--- Problem to solve ---
What you submit must be an exact copy of the listing below, with no images in it.

--- Information provided ---
*** Block opens ***

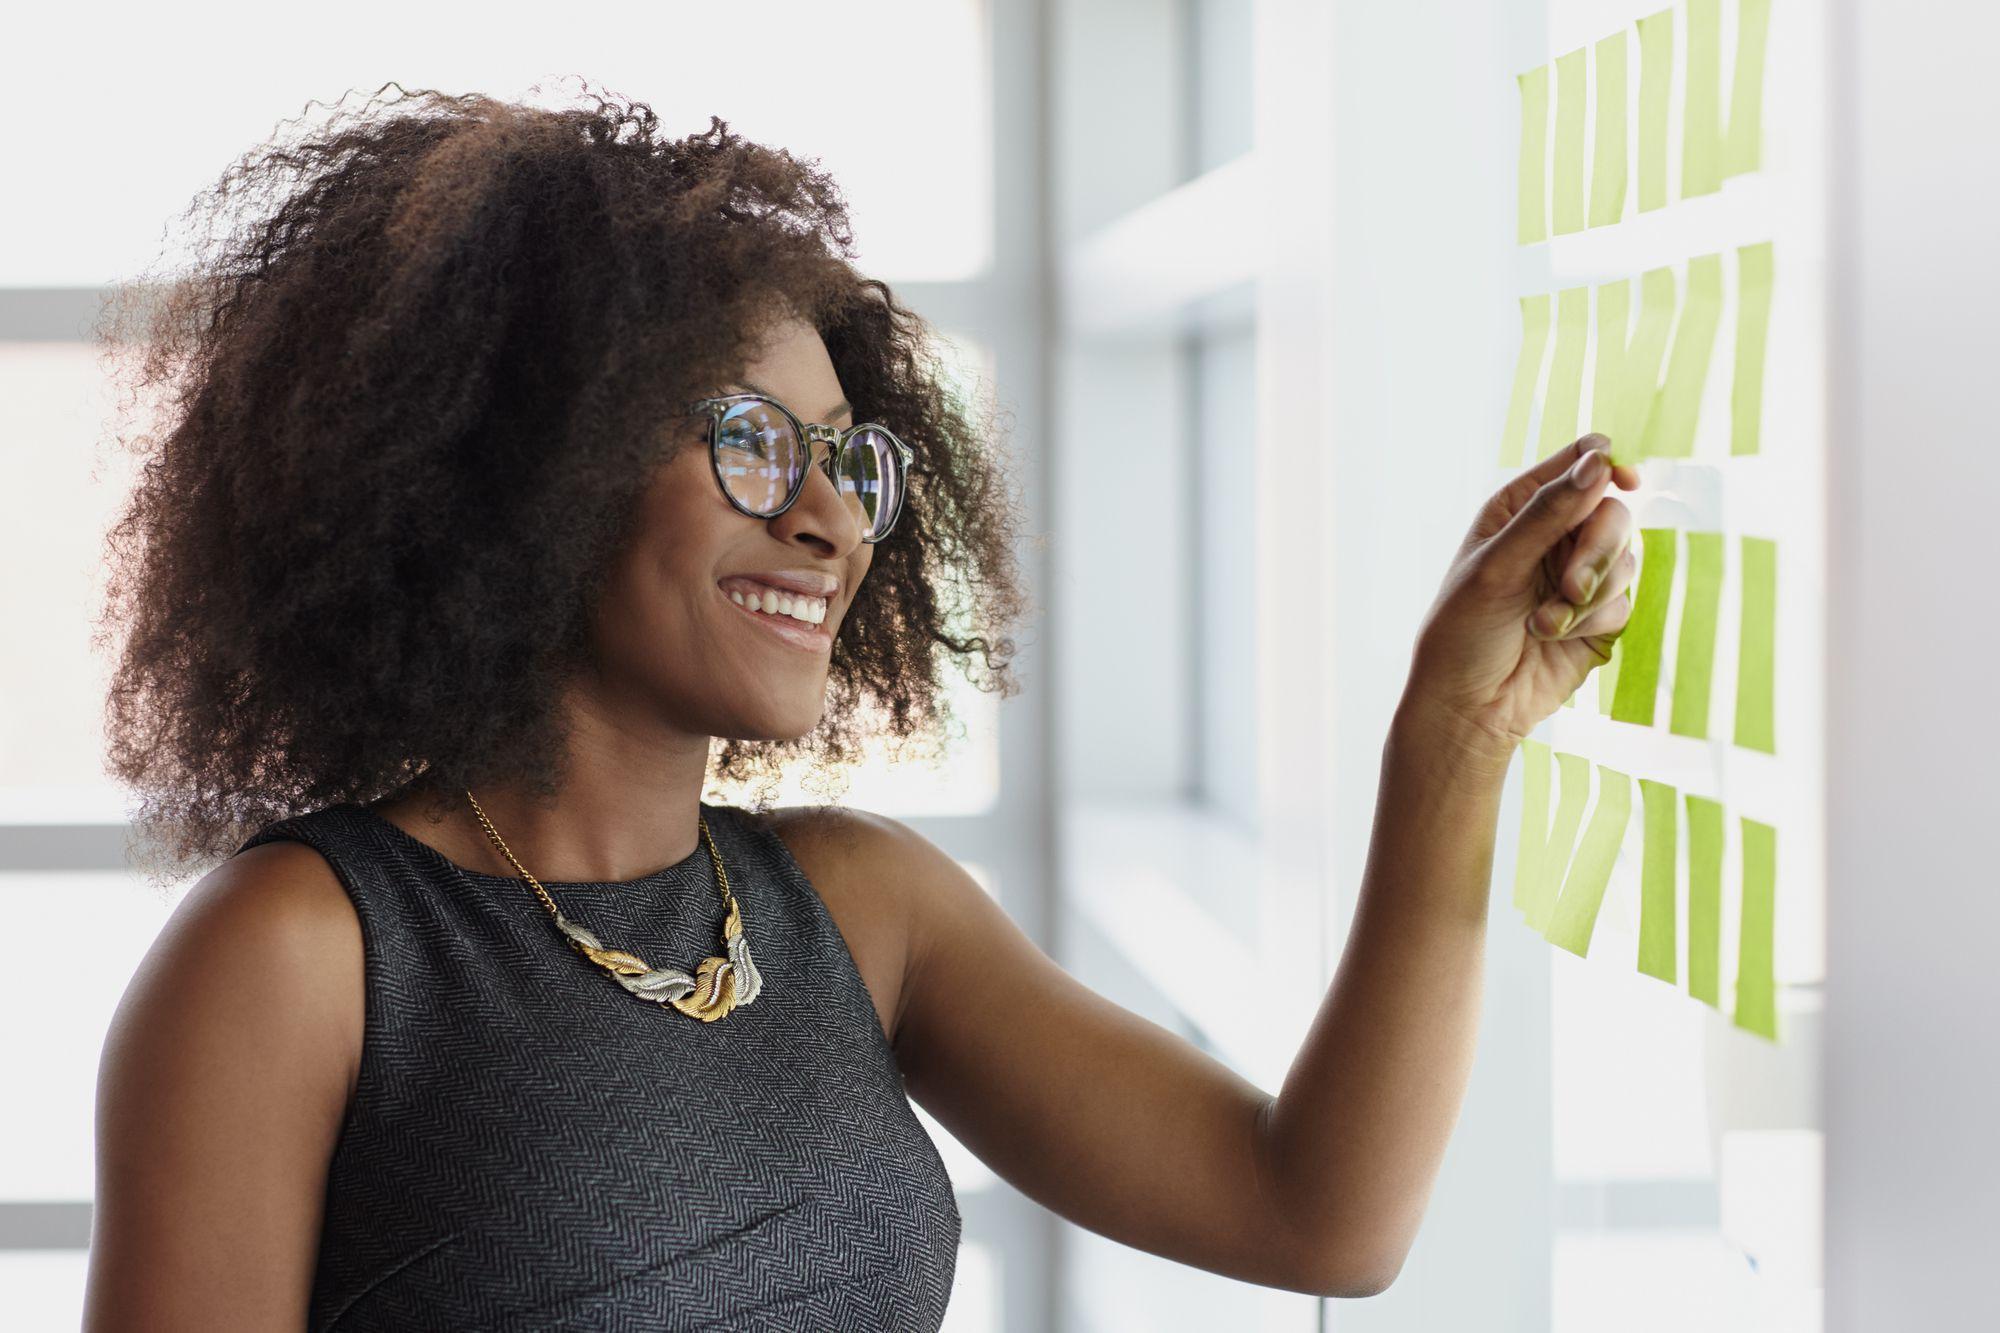 <p><span>A progressão profissional nos sistemas tradicionais prevê que o colaborador, em certo nível hierárquico, opte por se tornar especialista ou ocupar cargos de gestão para continuar crescendo. No entanto, a dinâmica empresarial atual exige profissionais cada vez mais preparados e adaptados às mudanças, que acontecem cada vez mais rapidamente.</span></p><p><span>Nesse sentido, abrir mão de especialistas para que estes ocupem cargos de liderança não é a melhor opção para as empresas. O que fazer para solucionar esse problema? Incentivar a carreira em W! Neste post, explicamos tudo o que você precisa saber sobre esse formato de desenvolvimento profissional. Boa leitura!</span></p><h2><span>O que é carreira em W?</span></h2><p><span>O modelo de carreira em W prevê que os profissionais mantenham funções técnicas ao mesmo tempo em que lideram equipes de colaboradores. Esse conceito é uma alternativa aos formatos em Y e em linha.</span></p><p><span>A grande vantagem da carreira em W é justamente oportunizar um caminho intermediário aos profissionais, que podem se manter especialistas e, ainda assim, ocupar cargos de gestão. Nas outras duas modalidades, a subida hierárquica transforma técnicos em gestores (em linha) ou exige que o profissional escolha ascender como especialista ou como </span><a href=https://noticias.universia.com.br/cultura/noticia/2018/03/23/1159270/lideres-referencias-comecaram-estagiarios.html target=_blank>líder</a><span> (em Y).</span></p><h2><span>Como surgiu a carreira em W?</span></h2><p><span>O modelo em W surgiu ainda na década de 1980, idealizado por Roberto Pierre Rigaud. Esse formato caiu em desuso com o tempo, por causa dos obstáculos para a sua implementação total. Apesar disso, atualmente, as empresas de tecnologia, sobretudo, têm reavivado esse método.</span></p><p><span>De acordo com Rigaud, uma das causas que o levou a desenvolver o formato em W foi ele próprio ter se deparado com a bifurcação de sua </span><a href=https://noticias
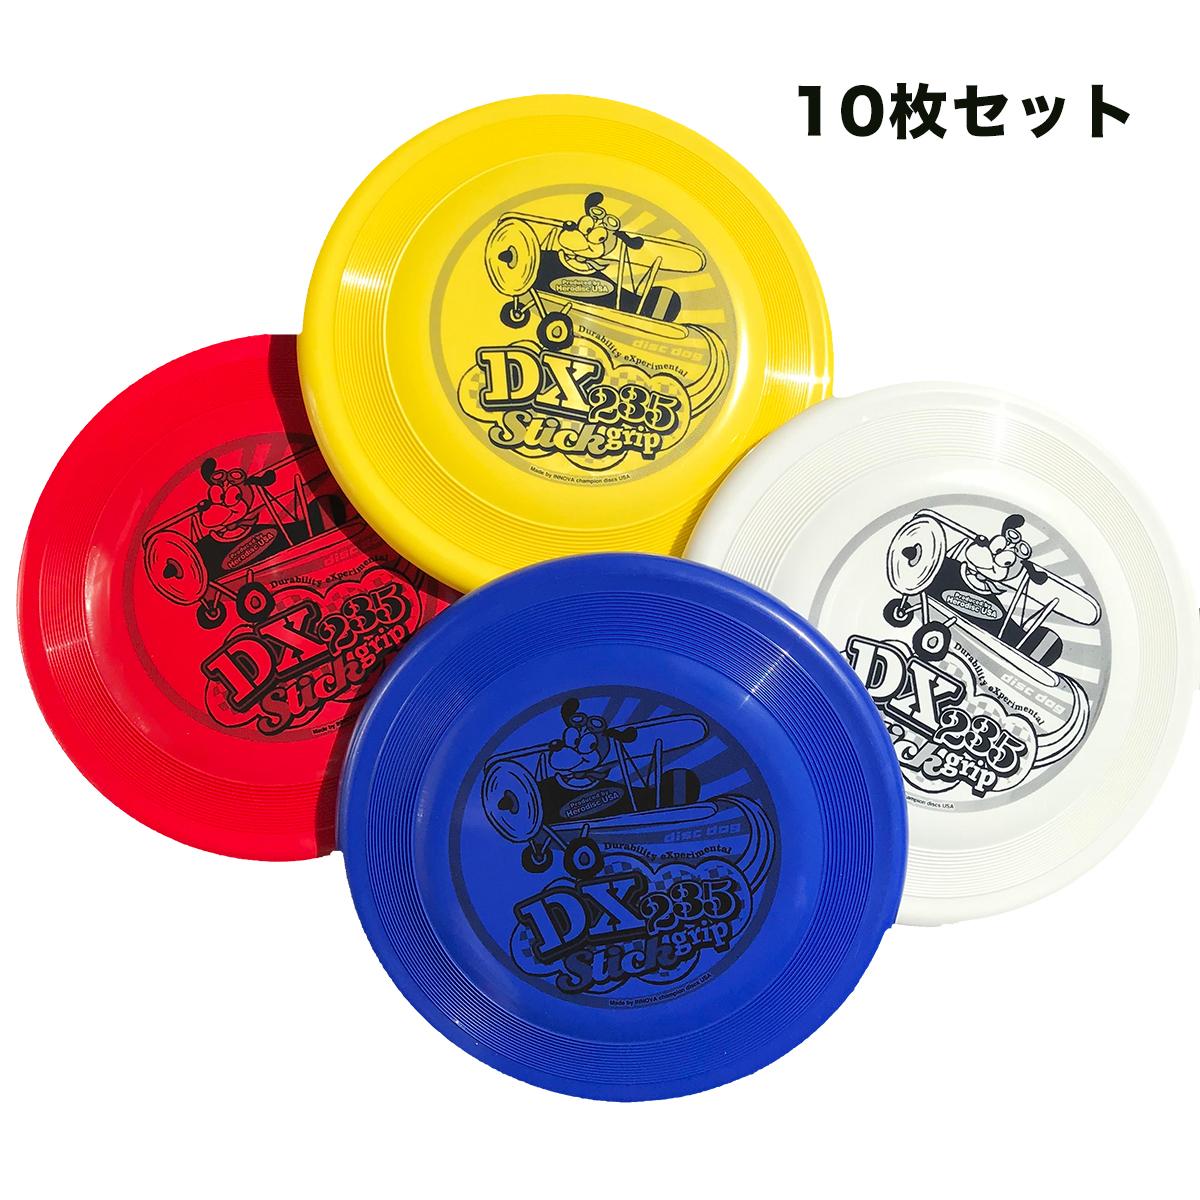 Hero DX 235 Stick grip 10枚セット
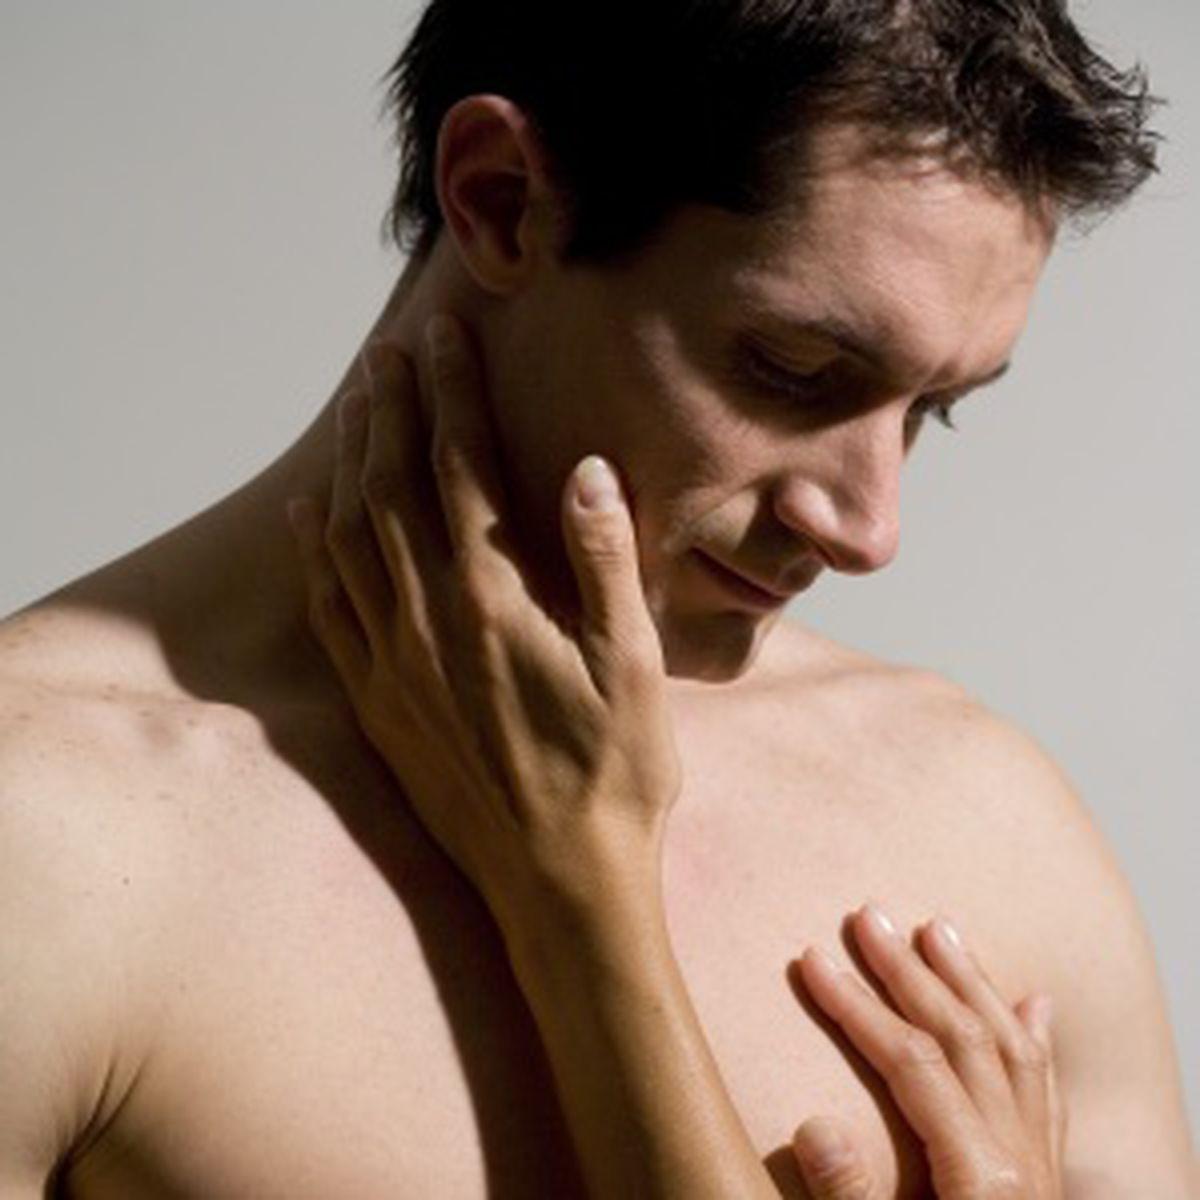 cauzele erecției incomplete la bărbați

*** Block closes ***

--- Response to this task ---
 <p><span>A progressão profissional nos sistemas tradicionais prevê que o colaborador, em certo nível hierárquico, opte por se tornar especialista ou ocupar cargos de gestão para continuar crescendo. No entanto, a dinâmica empresarial atual exige profissionais cada vez mais preparados e adaptados às mudanças, que acontecem cada vez mais rapidamente.</span></p><p><span>Nesse sentido, abrir mão de especialistas para que estes ocupem cargos de liderança não é a melhor opção para as empresas. O que fazer para solucionar esse problema? Incentivar a carreira em W! Neste post, explicamos tudo o que você precisa saber sobre esse formato de desenvolvimento profissional. Boa leitura!</span></p><h2><span>O que é carreira em W?</span></h2><p><span>O modelo de carreira em W prevê que os profissionais mantenham funções técnicas ao mesmo tempo em que lideram equipes de colaboradores. Esse conceito é uma alternativa aos formatos em Y e em linha.</span></p><p><span>A grande vantagem da carreira em W é justamente oportunizar um caminho intermediário aos profissionais, que podem se manter especialistas e, ainda assim, ocupar cargos de gestão. Nas outras duas modalidades, a subida hierárquica transforma técnicos em gestores (em linha) ou exige que o profissional escolha ascender como especialista ou como </span><a href=https://noticias.universia.com.br/cultura/noticia/2018/03/23/1159270/lideres-referencias-comecaram-estagiarios.html target=_blank>líder</a><span> (em Y).</span></p><h2><span>Como surgiu a carreira em W?</span></h2><p><span>O modelo em W surgiu ainda na década de 1980, idealizado por Roberto Pierre Rigaud. Esse formato caiu em desuso com o tempo, por causa dos obstáculos para a sua implementação total. Apesar disso, atualmente, as empresas de tecnologia, sobretudo, têm reavivado esse método.</span></p><p><span>De acordo com Rigaud, uma das causas que o levou a desenvolver o formato em W foi ele próprio ter se deparado com a bifurcação de sua </span><a href=https://noticias
 Hero DX 235 Stick grip 10枚セット
 cauzele erecției incomplete la bărbați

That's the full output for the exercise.